Figure 1. Using ChatGPT to determine a medical condition.
ChatGPT was able to identify the medical condition based on the initial three parameters (age, gender, and symptoms) with which it was presented.
In our inquiry with ChatGPT, we also found that the AI program is able to present differential diagnoses, including schizophrenia, for a patient presenting with positive symptoms of acute psychosis as exhibited in Figure 2. When further questioned, ChatGPT demonstrated clinical value by populating a list of possible non-psychiatric causes of acute psychosis including porphyria and encephalitis (Figure 3). This exhibits ChatGPT’s ability to create a broad differential which is imperative in the initial evaluation of a disease.
Figure 2. Using ChatGPT to develop differential diagnoses.
ChatGPT was able to generate a comprehensive list of differentials based on our patient’s presenting symptoms of delusional thinking, responding to internal stimuli, and unprovoked aggression.
Figure 3. Using ChatGPT to develop non-psychiatric differential diagnoses.

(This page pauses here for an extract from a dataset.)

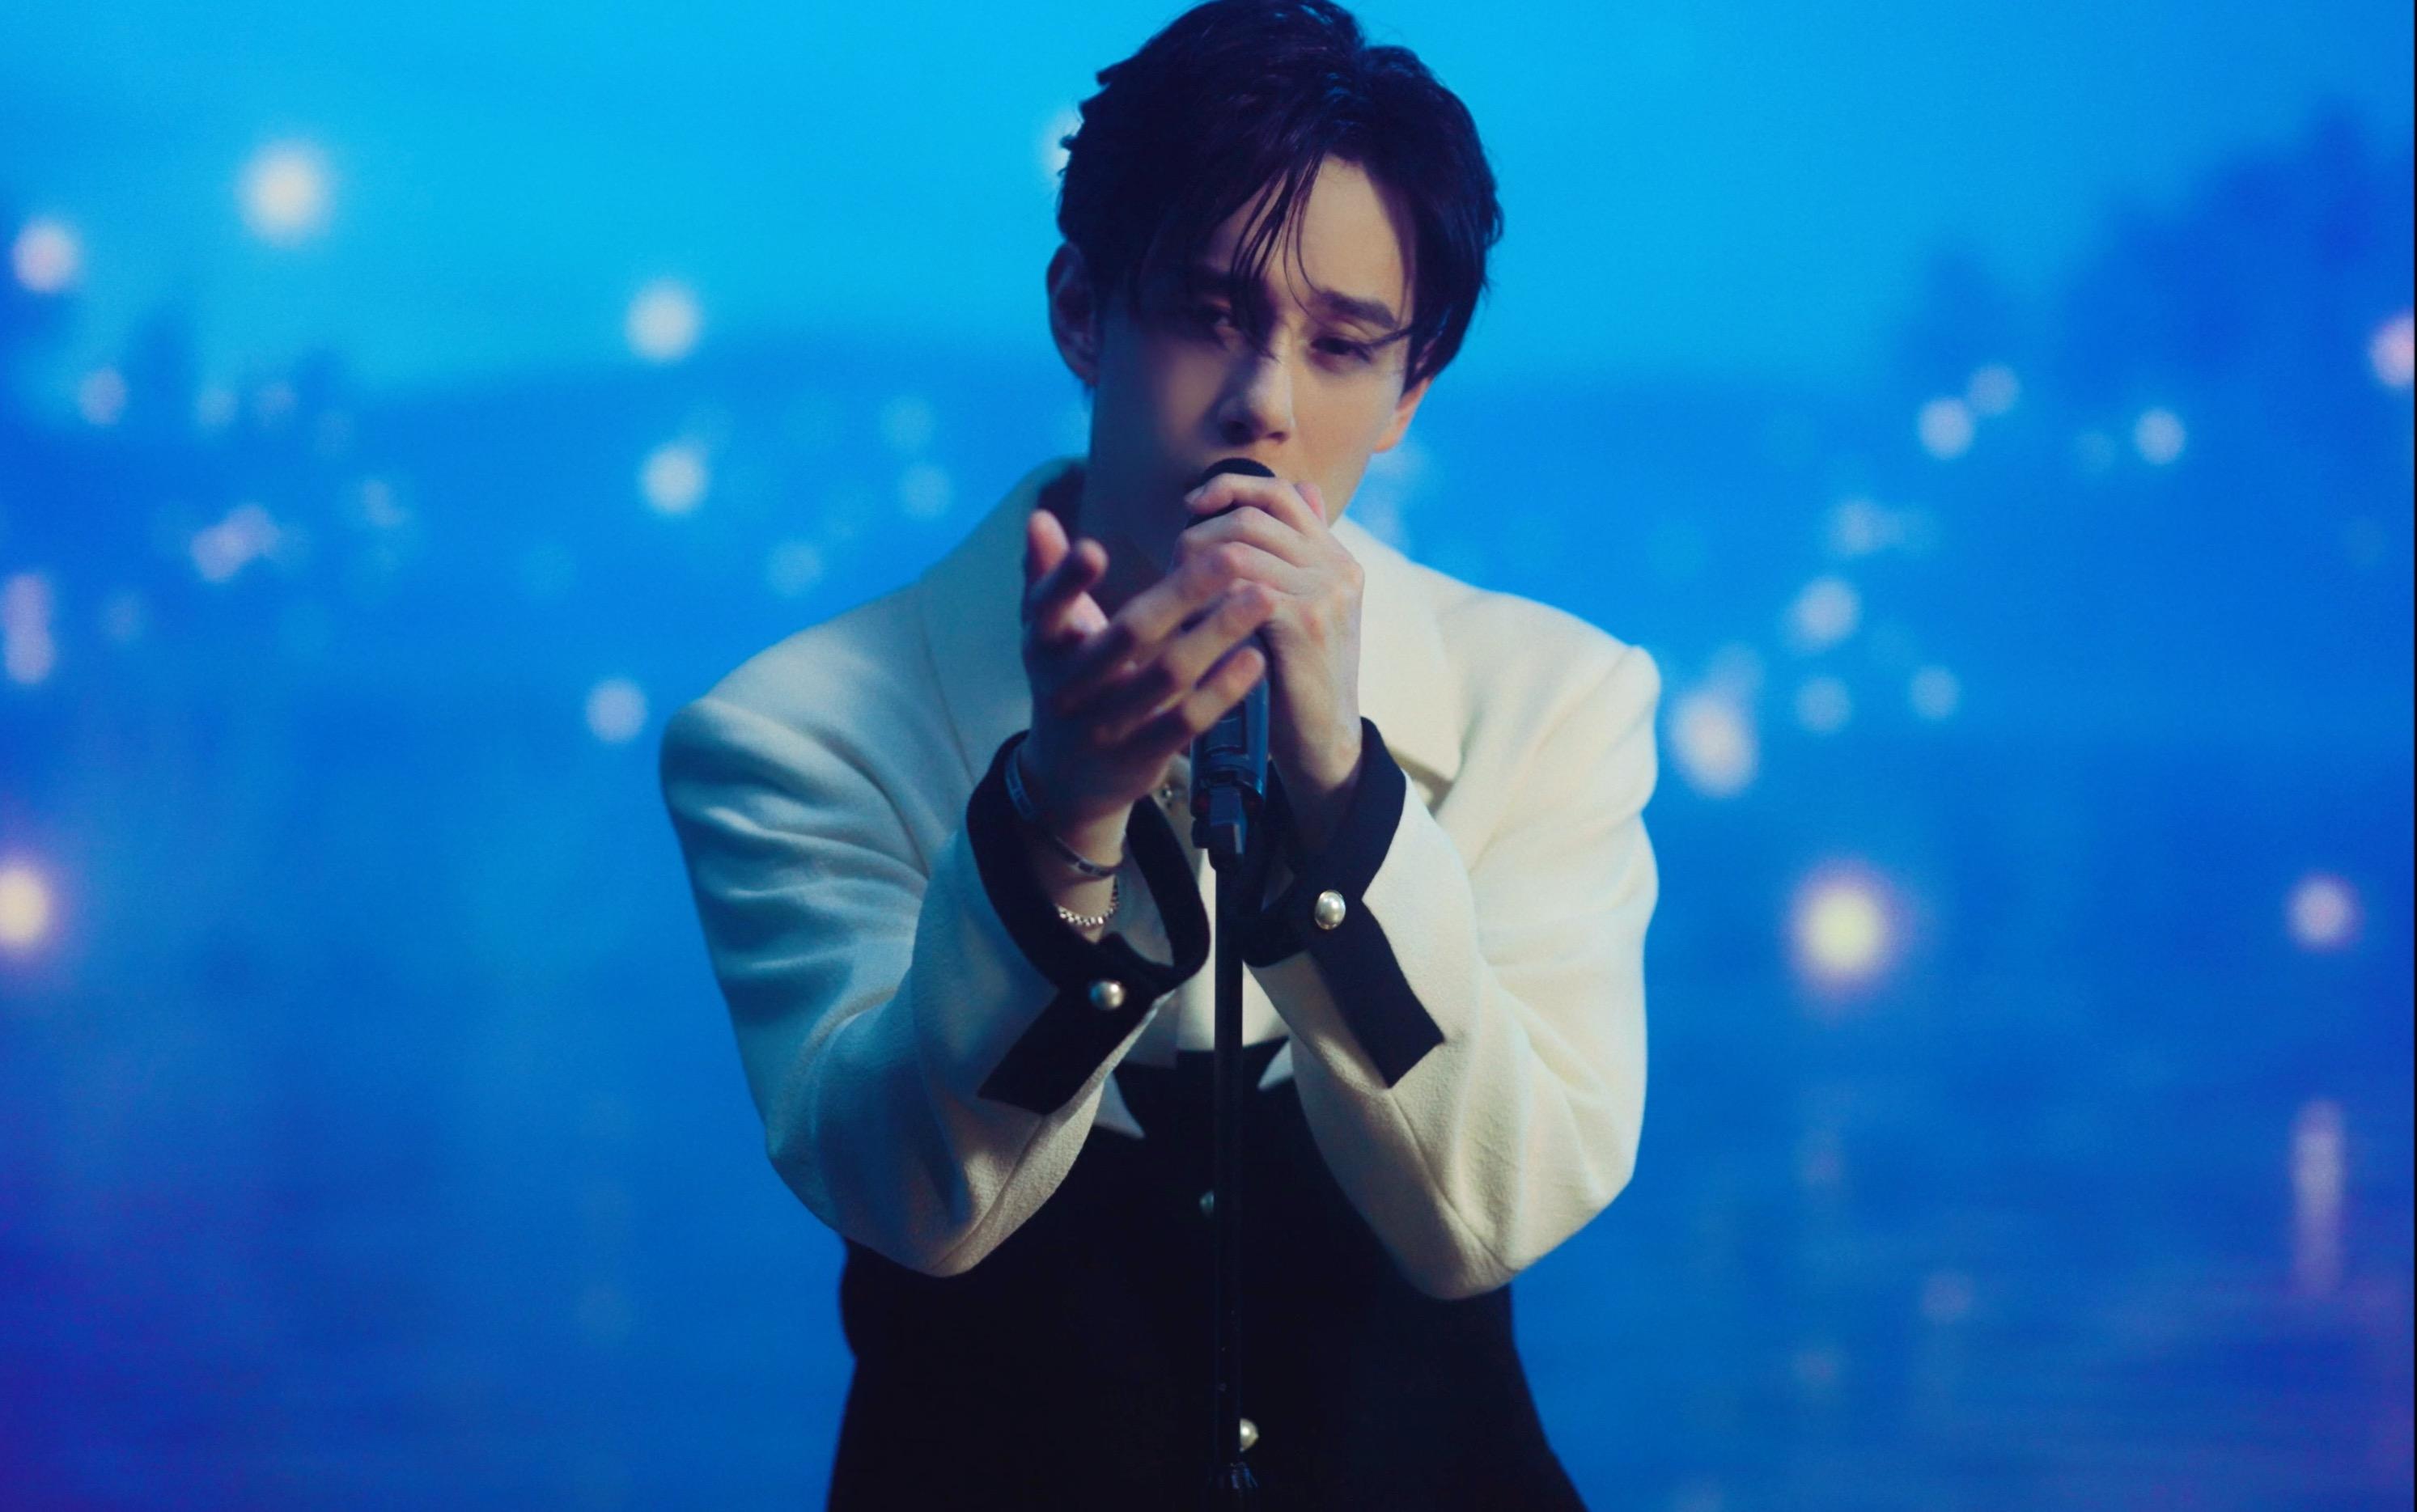 孫麥傑拍攝最新單曲〈HER〉MV。(圖/誠葳廣告提供) 孫麥傑MV細磨1200小時「像談戀愛」 網讚:超質感

ChatGPT was able to identify non-psychiatric causes of acute psychosis based on our patient’s presenting symptoms of delusional thinking, responding to internal stimuli, and unprovoked aggression.
In further discussion with ChatGPT to determine an appropriate plan of assessment, ChatGPT initially presented a relatively non-specific plan with suggestions including: gathering a medical history, performing a physical and mental status examination, considering additional labs and imaging, and consulting healthcare providers (Figure 4). In response to ChatGPT’s vague response, our questions evolved from “how should we assess this patient,” to “what should I, as a healthcare provider, do to assess this patient.” Despite our inquiry becoming more specific, the response of ChatGPT remained as non-specific as the answers in Figure 4.
Figure 4. Using ChatGPT to develop an initial plan of assessment.
ChatGPT’s response to inquiry about initial assessment of a patient presenting with positive symptoms of acute psychosis.
In order to gain further insight on appropriate assessment for this patient case, we asked “What labs/imaging should be ordered for this patient and why?” Initially ChatGPT suggested: CBC, CMP, thyroid function tests, and imaging studies such as CT or MRI. However, this list is incomplete compared to the comprehensive clinical laboratory work-up for acute psychosis [16]. Therefore, we asked ChatGPT to expand upon additional appropriate labs by asking, “What other labs should be ordered at this time?” In response, ChatGPT included: Vitamin B12 levels, serology tests, toxicology, and urinalysis. On one hand, ChatGPT did eventually provide a comprehensive laboratory workup for acute psychosis, demonstrating its ability to choose tests that assess for the various medical and psychiatric causes of psychosis. This function is valuable because it prevents oversight of key details revealed by certain labs that may help to identify underlying causes of acute psychosis like illicit drug use, alcohol-induced encephalopathy, and infection [16]. On the other hand, it required additional user inquiry and provocation to complete this task, demonstrating that users need a broader clinical understanding of psychosis than available to ChatGPT. This finding may prove to be a limitation of ChatGPT in testing for medical conditions in that ChatGPT alone cannot create comprehensive standardized plans without additional probing, thus highlighting the importance of utilizing clinical judgment to drive patient management.
Encounter two
In Encounter Two, we assessed the capacity of ChatGPT to determine an appropriate treatment plan for this patient case based on the initial three parameters with a series of three questions. Initially, ChatGPT provided a non-specific list of recommendations including: antipsychotic medications, psychotherapy, and hospitalization. In simply asking ChatGPT to recommend medications for this patient, ChatGPT establishes its own limitations stating that as an AI language model it is unable to provide specific medical advice or prescribe medications (Figure 5). When specifically asking ChatGPT for a list of medications, it provides commonly used medications such as first-generation antipsychotics, second-generation antipsychotics, mood stabilizers, and benzodiazepines (Figure 6). However, ChatGPT also mentions the necessity of additional parameters such as the patient's medical history, symptoms, and side effects to generate a more tailored list. While making such suggestions, ChatGPT recommends appropriate input from healthcare providers to discern risks and benefits for each patient.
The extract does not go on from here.